**DATASET EXTRACT:**
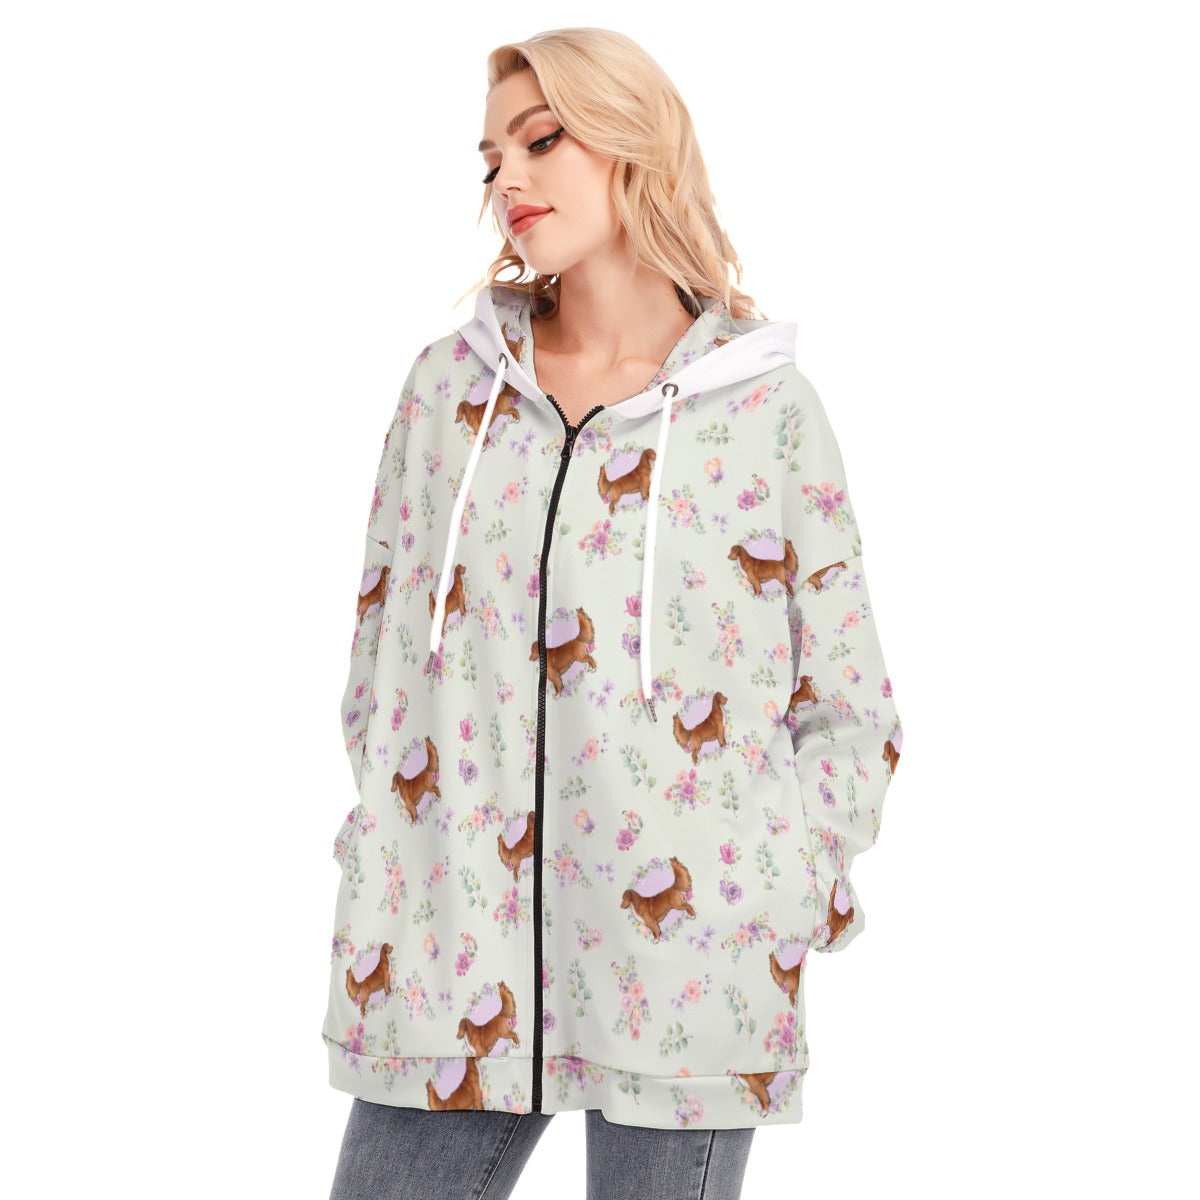 All-Over Print Women's Long Hoodie With Zipper Closure
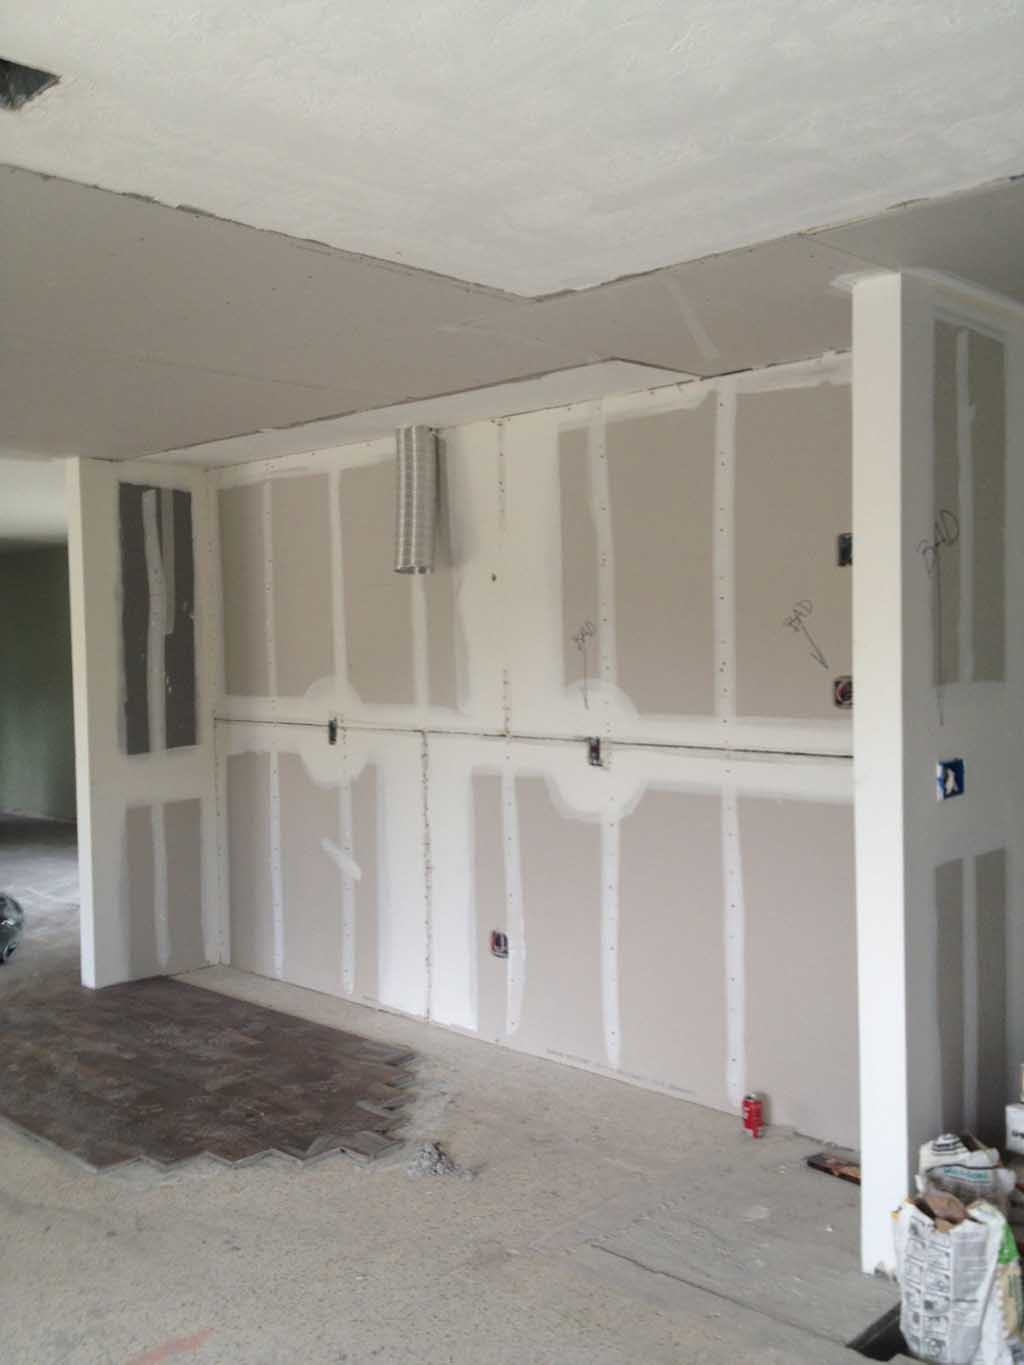 Open kitchen layout in progress with new drywall installed
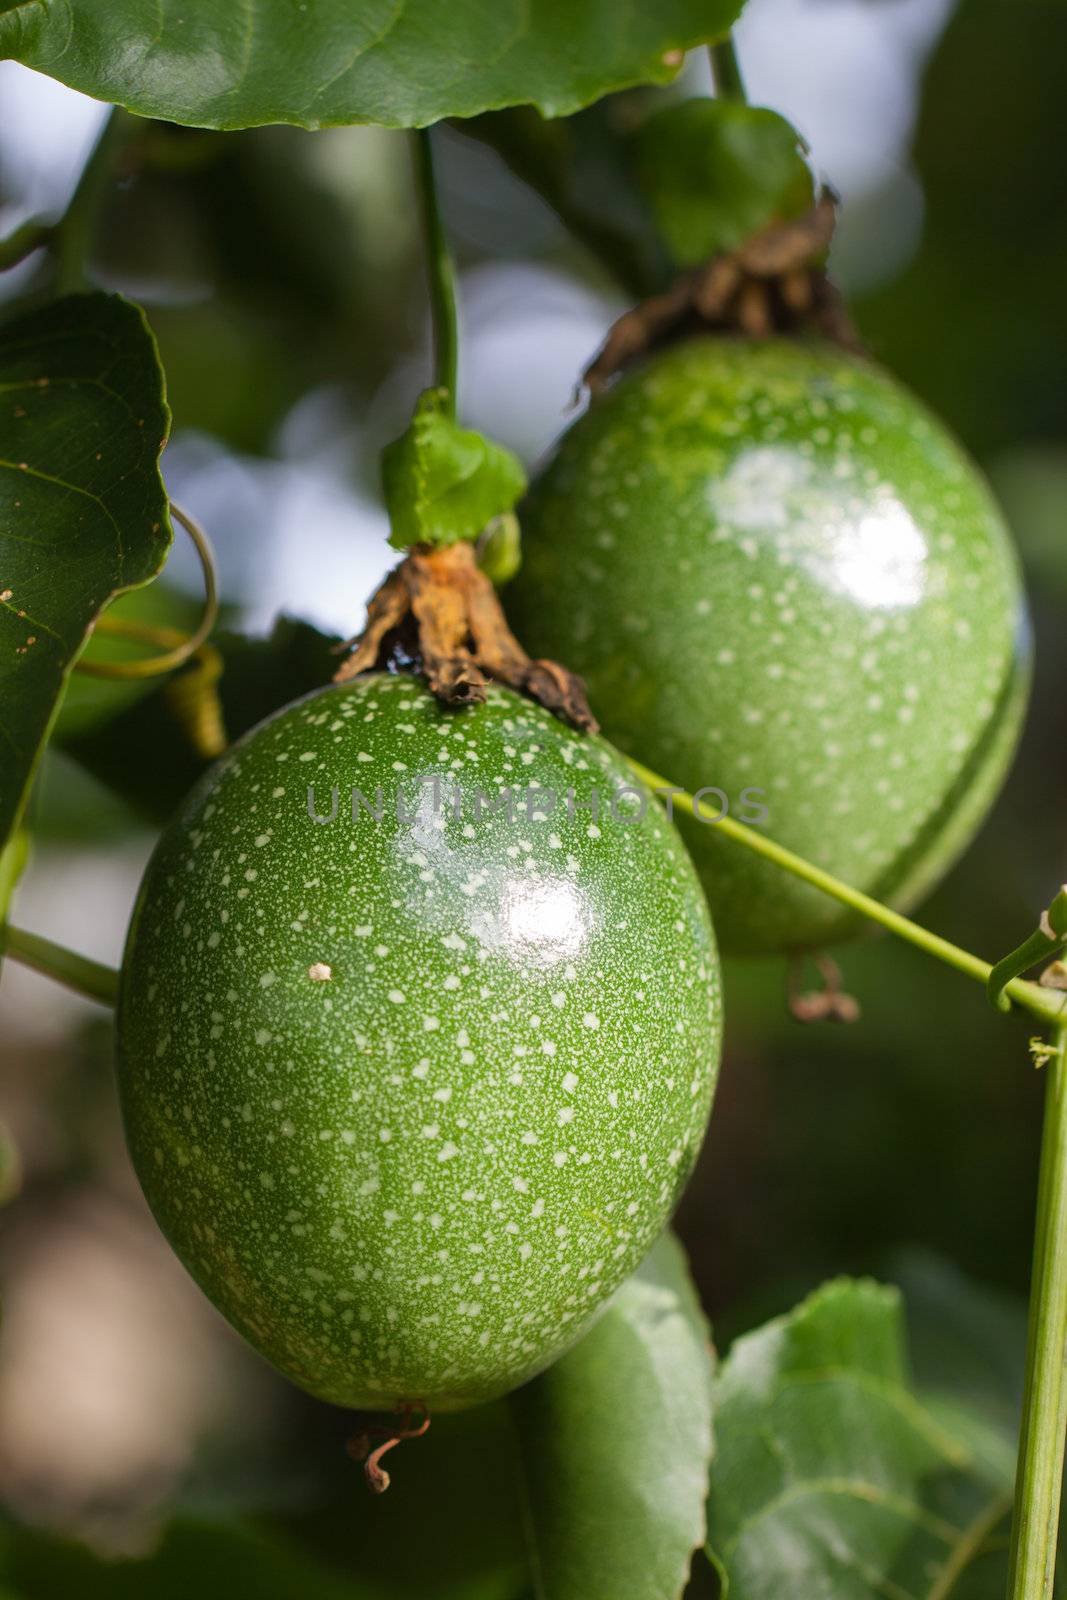 Two beautiful passion fruits growing on a vine.

**WHAT TO DO:**
Keep the pictures out of the copy and return the rest of the data above exactly.

**YOUR RESPONSE:**
 All-Over Print Women's Long Hoodie With Zipper Closure
 Open kitchen layout in progress with new drywall installed
 Two beautiful passion fruits growing on a vine.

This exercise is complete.